TITLE:

Curriculum Design as an Engineering Problem

ABSTRACT:

Around the world, numerous countries are rushing to add computer science to school curricula. Given this sense of urgency, many curricula are being proposed and tried out, often with the goal of teaching “computational thinking”. Due to the lack of widespread expertise in computing education, technologists everywhere — many with a minimal understanding of schools — are being drafted to weigh in on curricula or are even designing their own, in some cases turning these into commercial ventures.

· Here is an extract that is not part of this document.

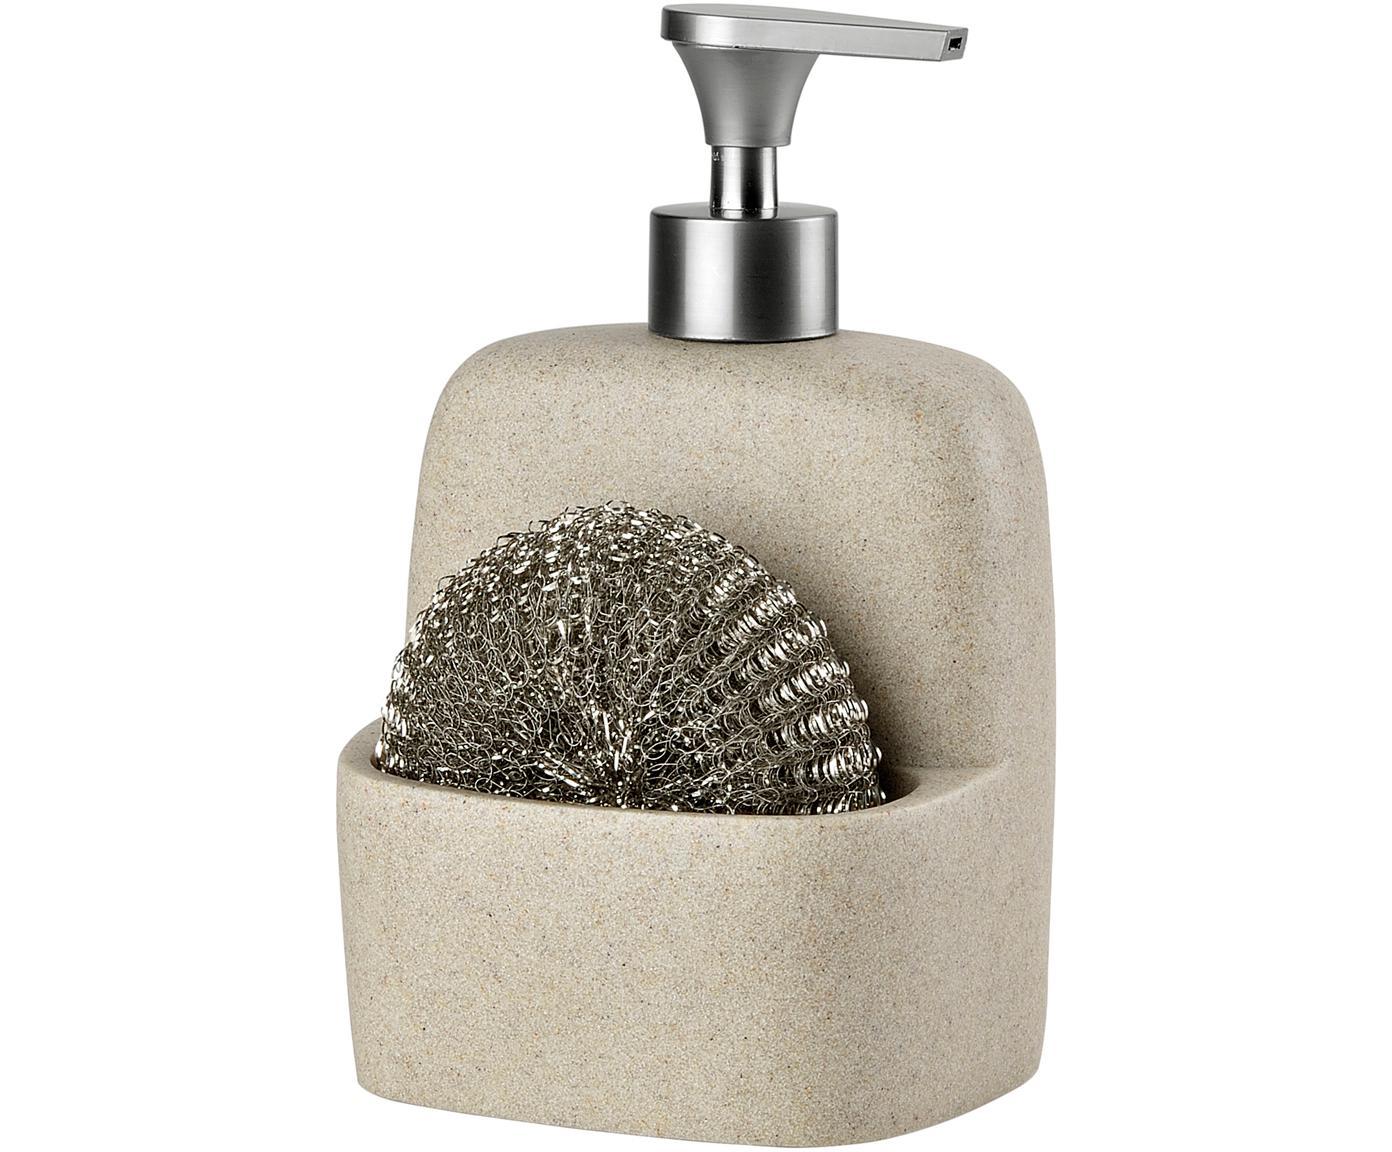 Set de dosificador de jabón Sand, 2pzas., Estropajo: metal, Beige, plateado, Ancho 11 x Alto 19 cm

In this climate, how should we actually address curriculum design? What are the constraints and affordances in schools, and what does it take for computation to actually be effective in teaching thinking? Given that curricula, once adopted, often stay in place for a long time, the need for research-driven designs is especially pressing.

This talk will distill lessons from Bootstrap, one of the largest computing outreach programs in the USA, but the principles discussed apply across curricula, countries, and ages.

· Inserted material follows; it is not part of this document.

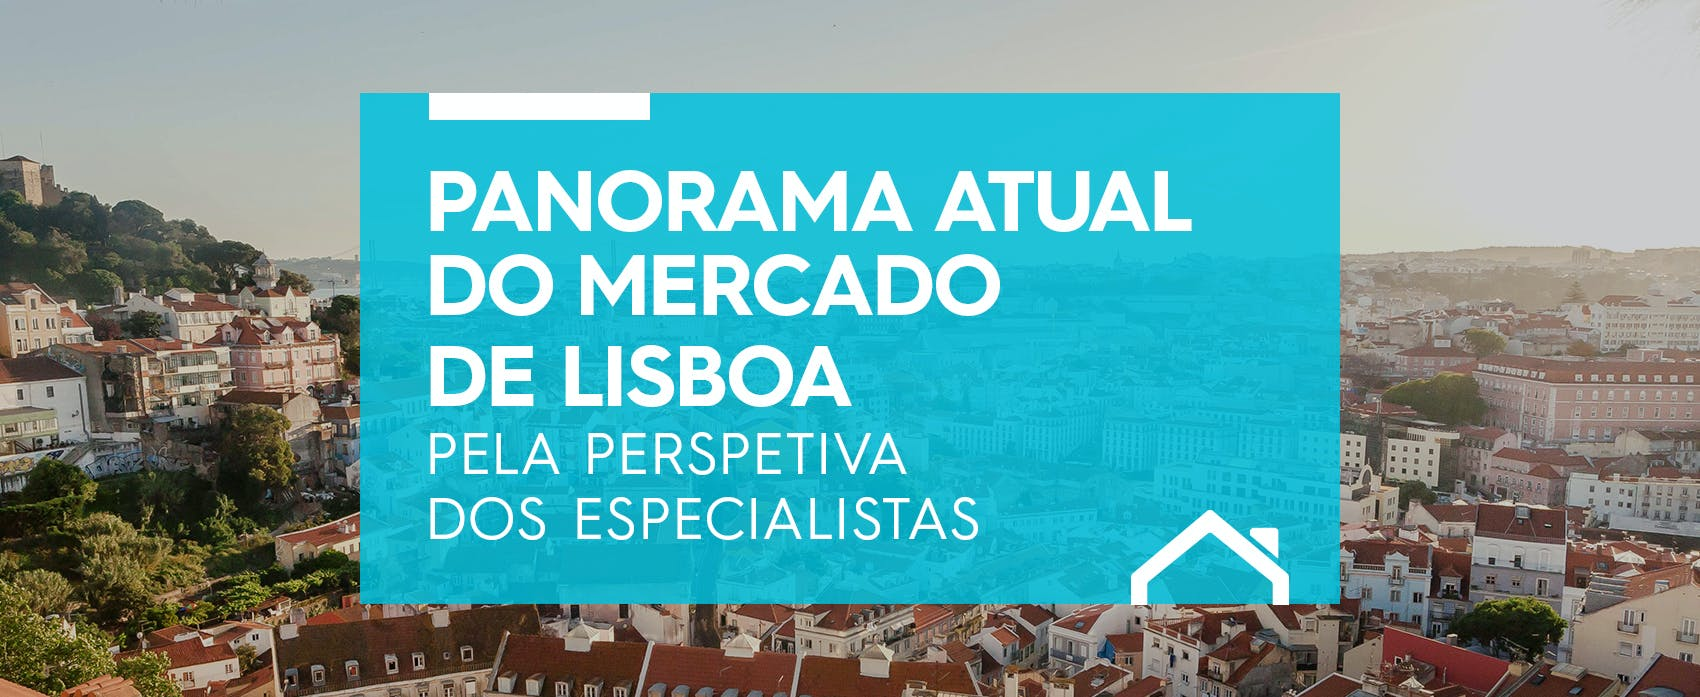 O panorama atual do Mercado Imobiliário de Lisboa pela perspectiva dos Especialistas

Joint work with Emmanuel Schanzer and Kathi Fisler.

BIO:

Shriram Krishnamurthi is a Professor of Computer Science and an Associate Director of the Executive Master in Cybersecurity at Brown University. With collaborators and students, he has created several influential systems: DrRacket and WeScheme (programming environments),

Margrave (policy analyzer), FrTime and Flapjax (reactive programming languages), Lambda-JS and TeJaS (semantics and types for JavaScript), and Flowlog (software-defined networking programming language and verifier). He is now working on the Pyret programming language. He is the author of “Programming Languages: Application and Interpretation” and a co-author of “How to Design Programs” and “Programming and
Programming Languages”. He co-directs the Bootstrap math-and-computing outreach program. He won SIGPLAN’s Robin Milner Young Researcher Award, SIGSOFT’s Influential Educator Award, and Brown’s Henry Merritt Wriston Fellowship for distinguished
contribution to undergraduate education. He has authored over a dozen papers recognized for honors by program committees. He has an honorary doctorate from the Università della Svizzera Italiana.